This seems contradictory to me. In reality, food has become even more of

an
obsession, only in a different way. If they are "very aware of their
current weight and actively mange it," they are still not able to live a
"normal" life without obsessing about what they eat.


I think the difference is in the mental attitude towards the scale and the
weight. When facing a weight gain, you have two solutions :
1) Watch the number as your jaw drop. Feel a huge feeling of dispair creep
in. Think that it can't be possible. Then :
1.a. Go into denial. This indeed can't be possible. Scale must be wrong or
broken or something. Stupid machine. Better never to use it again.

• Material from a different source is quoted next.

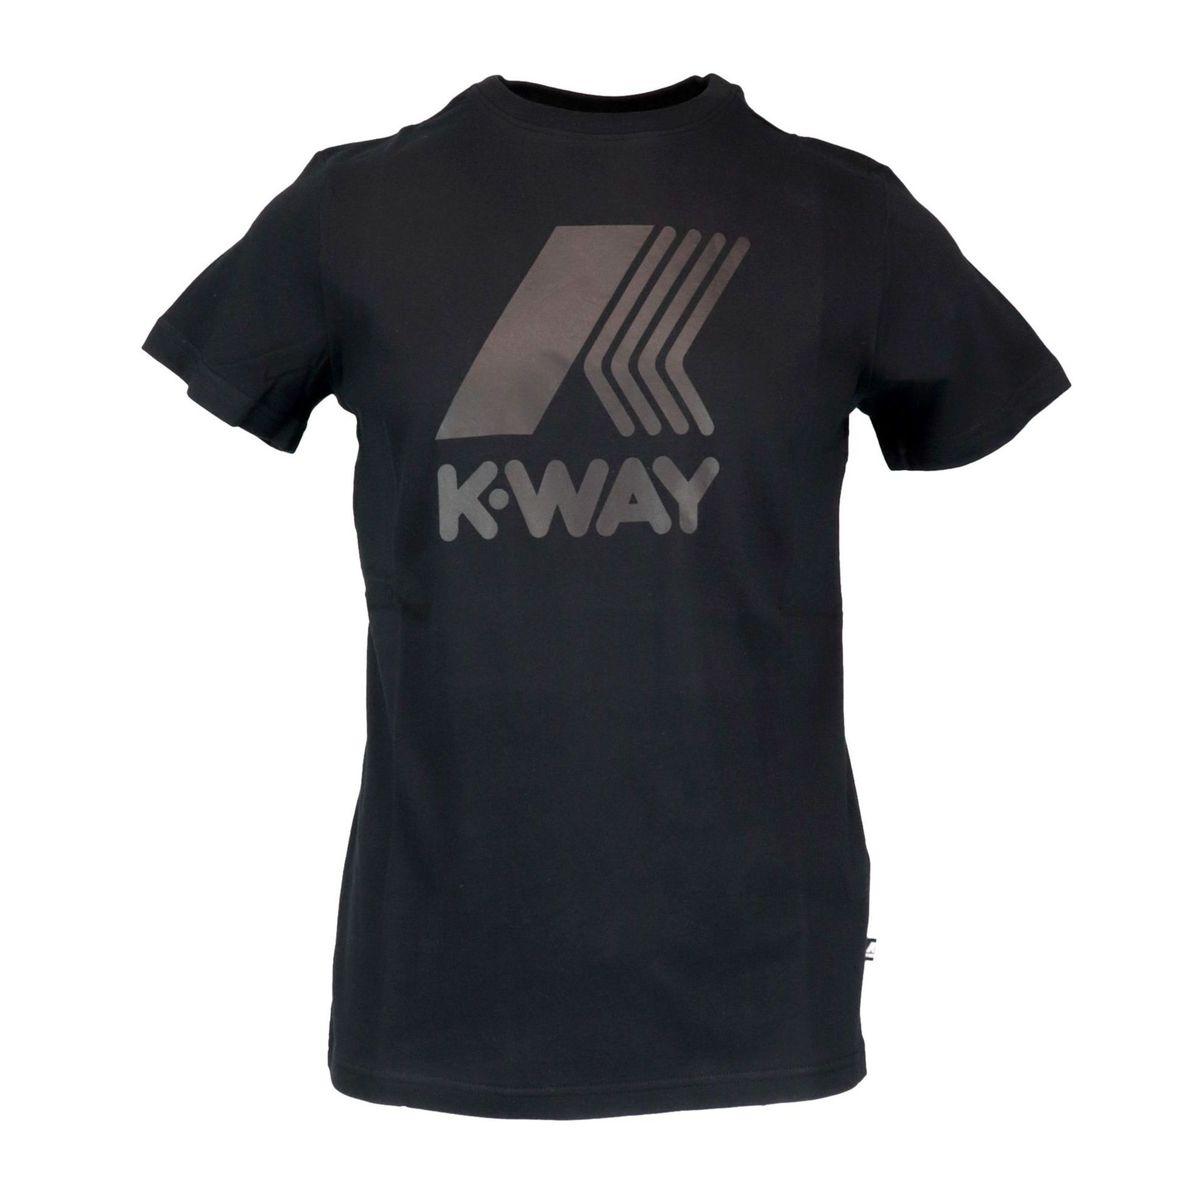 Elliot cotton T-shirt with large logo print Black K-Way
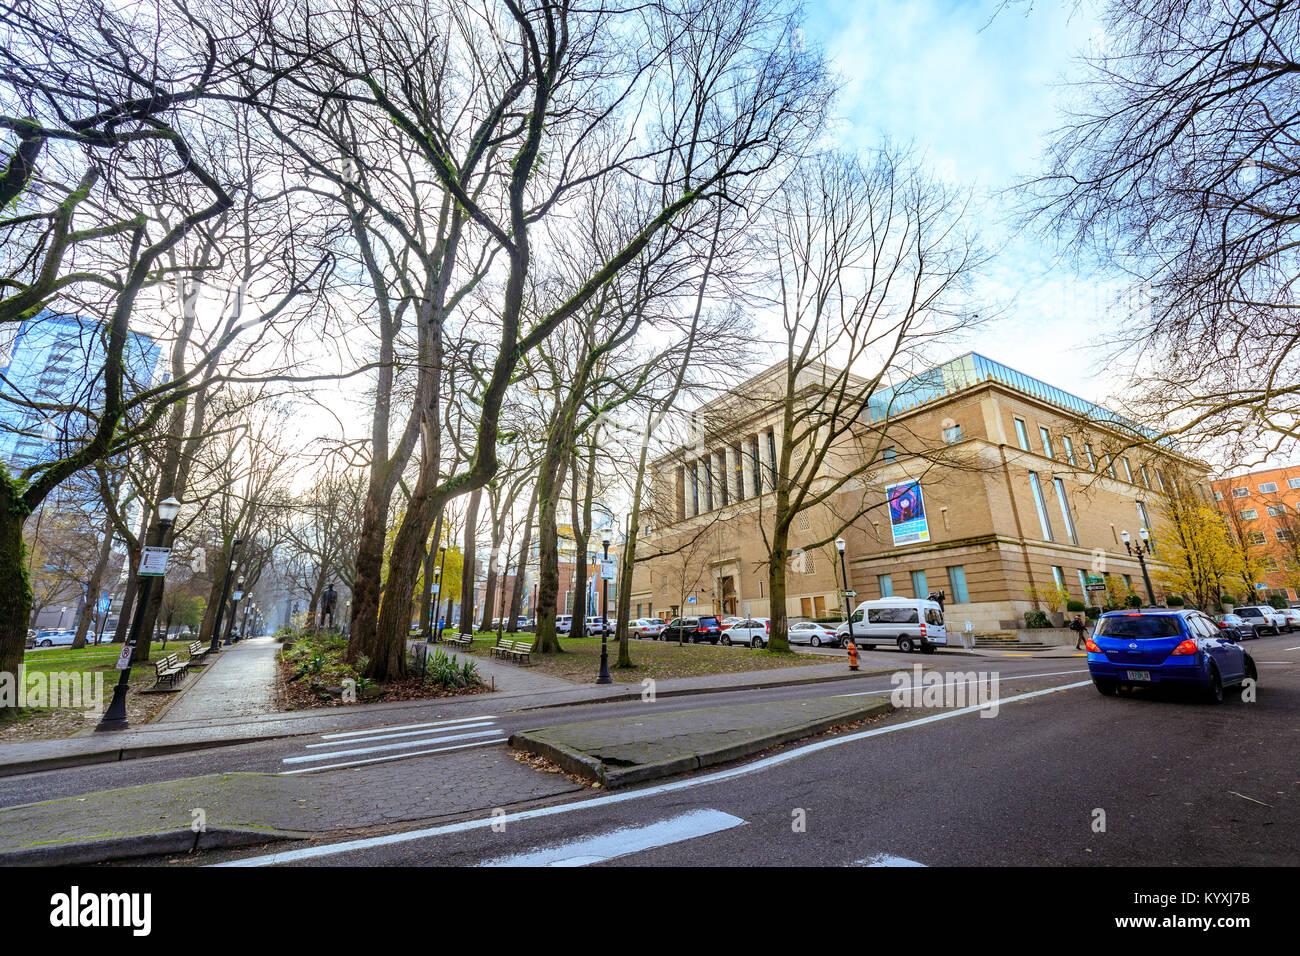 Portland, Oregon, United States - Dec 22, 2017 : Facade of the landmark Portland Art Museum. It is the oldest art museum on the West Coast of the Unit Stock Photo

1.b. Go in full blown panic attack. This is it. This was too good to be
true. All these deprivations for NOTHING! Life sucks. F-word! I'm going to
drown myself in ice cream until it feels better.
1.b. Inflate the stuff. You have become obese again! You need to CORRECT
that! You decide to go on a fast for a few days, in order to lose the
balloon that has replaced your belly. Then, it will be veggies and white
fish only for several weeks. Got to beat that stupid body into compliance!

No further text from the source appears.